Planners move zoning amendments forward, push comp plan
The county’s comprehensive plan and proposed amendments to the local zoning ordinance took center stage at the September 20 meeting of the Rappahannock County Planning Commission.
The planners voted unanimously to ask Zoning Administrator David Dameron and County Attorney Art Goff to create a notice for a public hearing on all the zoning ordinance amendments now pending. The hearing could potentially take place at the Planning Commission’s October 18 meeting.
For much of the past
year, the planners and the county’s Board of Zoning appeals have worked through a multi-page chart of amendments to the zoning ordinance intended to tighten standards for applications for special use or special exception permits for a range of dwelling types. These include efficiency apartments, family apartments, guest houses, B&Bs, tourist homes, and boarding homes.
Many of the proposed changes are in response to the concern among county residents of the growing presence of tourist homes owned by non-residents for investment purposes.
During the September 20 meeting comment period, Jackson district resident Page Glennie urged the planners to respect the interest of residents over nonresidents and include a residency requirement for applicants for tourist homes.
“The root issue of residency is not being addressed,” said Glennie. “In general, people don’t seem to have a problem with tourist homes if the landowner is a resident on the property. The issue is property investment for short term rentals.”
A recent example was the application by Desmond and Heidi Dodd to turn their cabin on Gid Brown Hollow Road into a tourist home. The Dodds currently reside in South Africa on a work assignment, but call Rappahannock their home.
Their application was met with much opposition from neighbors on Gid Brown Hollow Road and adjoining Harris Hollow Road who considered the Dodds nonresidents.
Dameron and Goff presented a resolution September 6 meeting of the Board of Supervisors proposing another set of amendments to the county code. If adopted, these amendments would remove the distinction between
special use and special exception permits and change the responsibilities of the BOS and the BZA.

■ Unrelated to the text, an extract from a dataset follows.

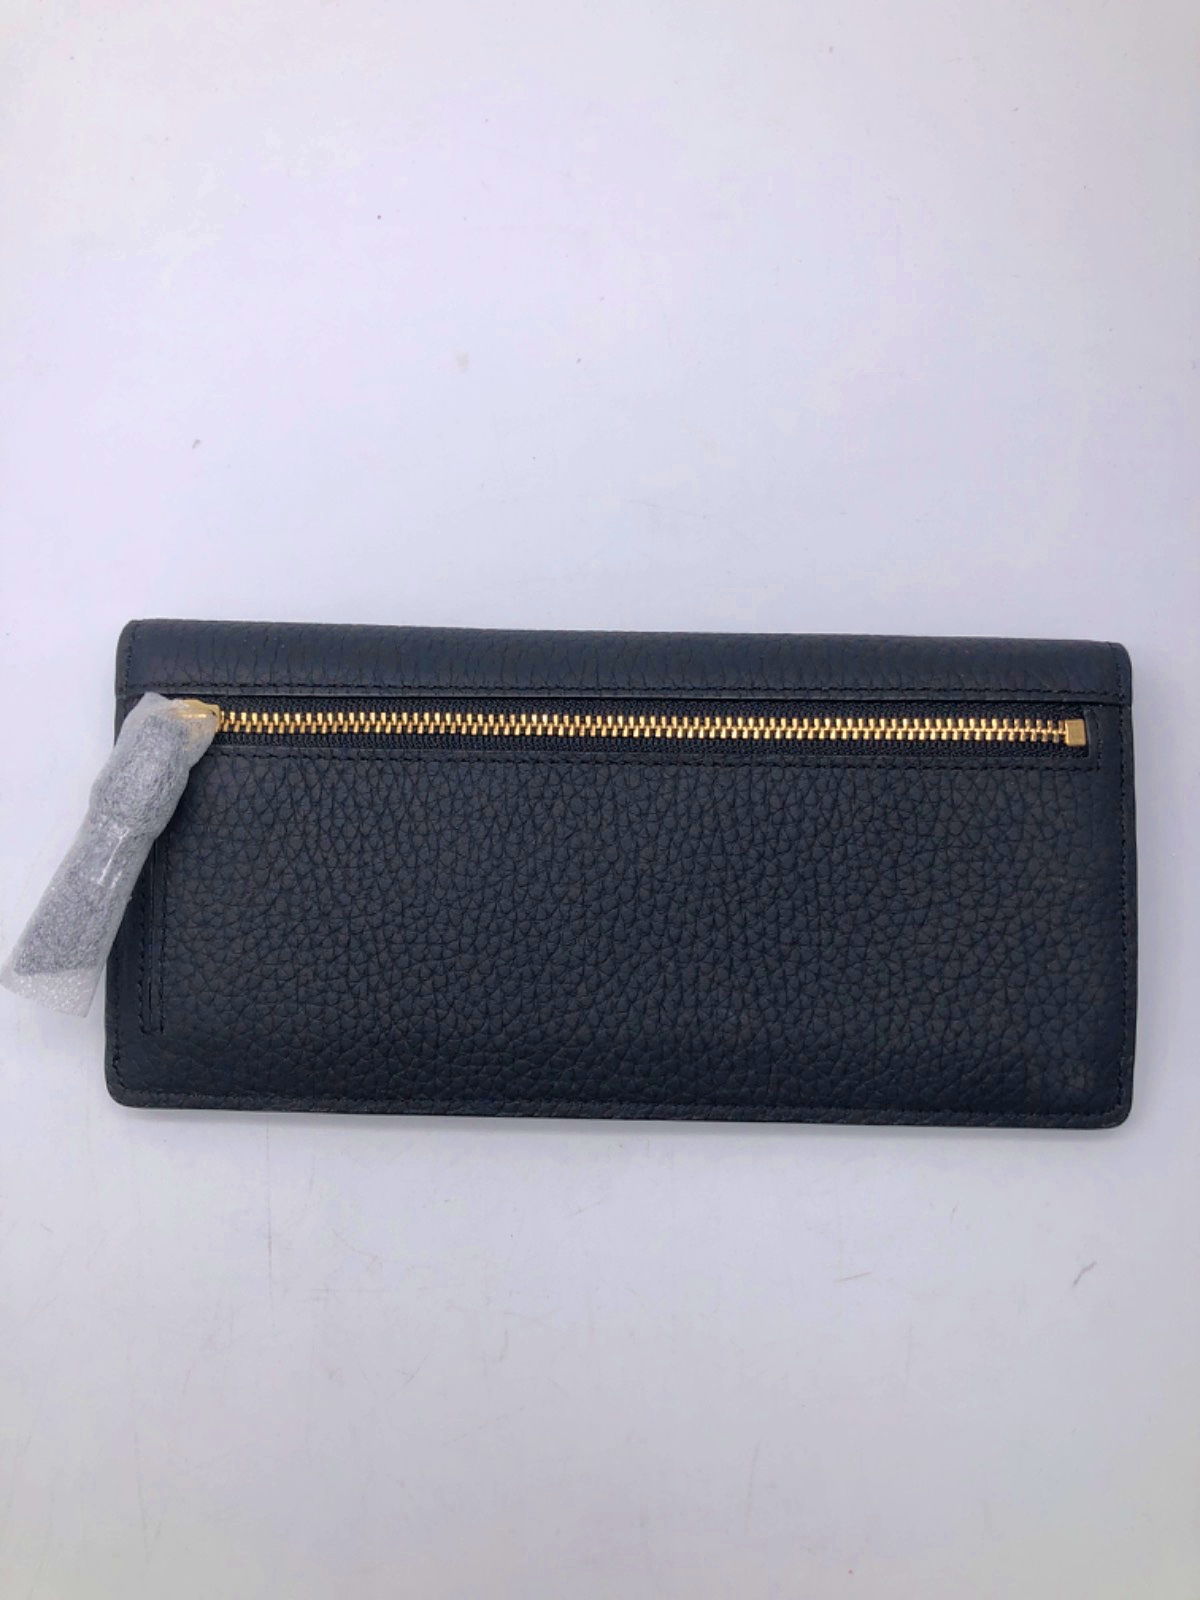 Kate Spade Black leather Wallet purse / clutch bag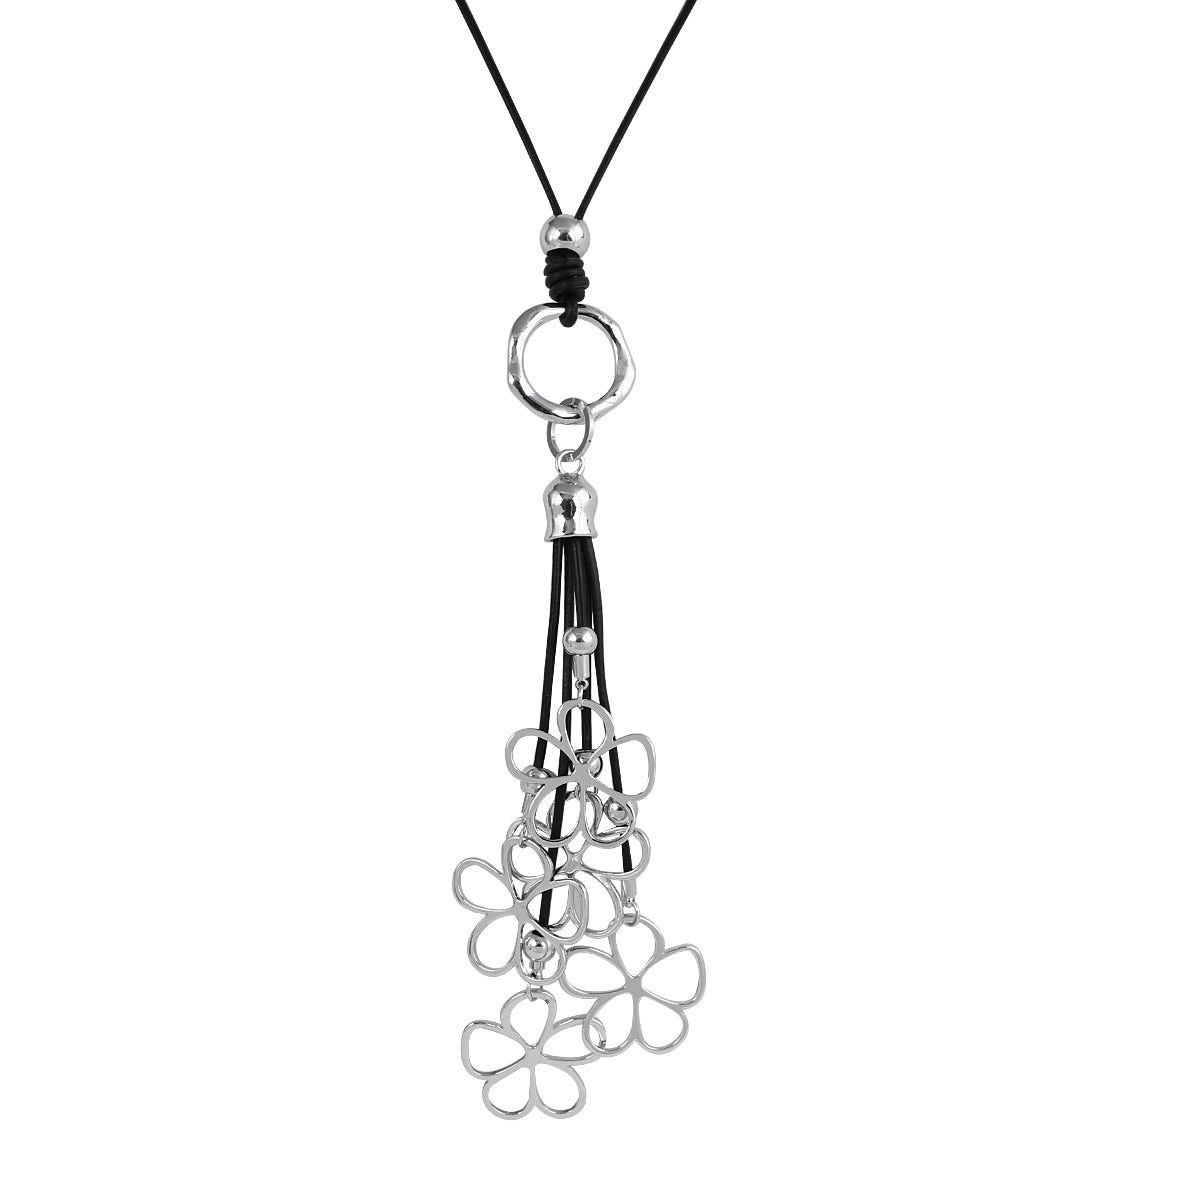 Silver Flower Tassel Pendant Long Leather Boho Necklace

Currently, both types of permits come first before the Planning Commission, which can vote to recommend the applications to either the BOS or the BZA. Supervisors hear special exception permit applications, while the BZA hears those for special use permits.
Under the Dameron-Goff amendments, there would be only one permit type, which would go to the Planning Commission and then to the BOS. The BZA would only hear appeals and applications for zoning variances.
The purpose for the change, as expressed by John Lesinski, the Hampton supervisor who sits on the Planning Commission, would be to simplify the application process and help address confusion in the public over the difference between special exception and special use permits.
Other items were embedded in the DameronGoff document. One would change the process for moving permit applications forward. Under the current system, a public hearing is advertised as soon as an application is received.
The proposed change would require advertising a public hearing only after the Planning Commission has reviewed the application to ensure that it was complete.
Many applications in the past year have had to be tabled and hearings postponed because of incomplete information or improper notices to the public.
Another proposed amendment would clarify acreage requirements for B&Bs and tourist homes.
The controversy over the Dodd application also surfaced a question about whether acreage requirements recommended by the Planning Commission in 2010 and adopted by the BOS were valid.
According to an opinion memo issued by Goff in July, the Planning Commission at its June 16, 2010 meeting discussed an amendment to replace existing language in the county code with one requiring a minimum of 10 acres for a tourist home.
However, the BOS made material changes to what had been advertised, and voted to approve substantially smaller acreage requirements. Because the new language had not been properly noticed, Goff found that the amendments were illegal and that the previous ordinance language requiring a minimum of 10 acres for a tourist home stands.
COMPREHENSIVE PLAN: “LET’S GET IT DONE.”
Hampton district planner Al Henry added to the September 20 agenda a discussion of the county’s comprehensive plan which has been under review for about three years.
“Certainly, it’s been under review since a year before [then-County Administrator] John McCarthy left,” said vice chair Gary Light.
State code requires that comprehensive plans be reviewed every five years. It has been more than five years since the Rappahannock plan been updated.
“We’ve been dragging on this comprehensive plan for a long, long, long time,” said Henry. “I think we need to bite the bullet and get this behind us and get it done.”
Light noted that the planners had “been through the plan twice completely, going around the county talking about it, marking it up, voting on changes. The only thing remaining to be finished … was the updating the data tables.”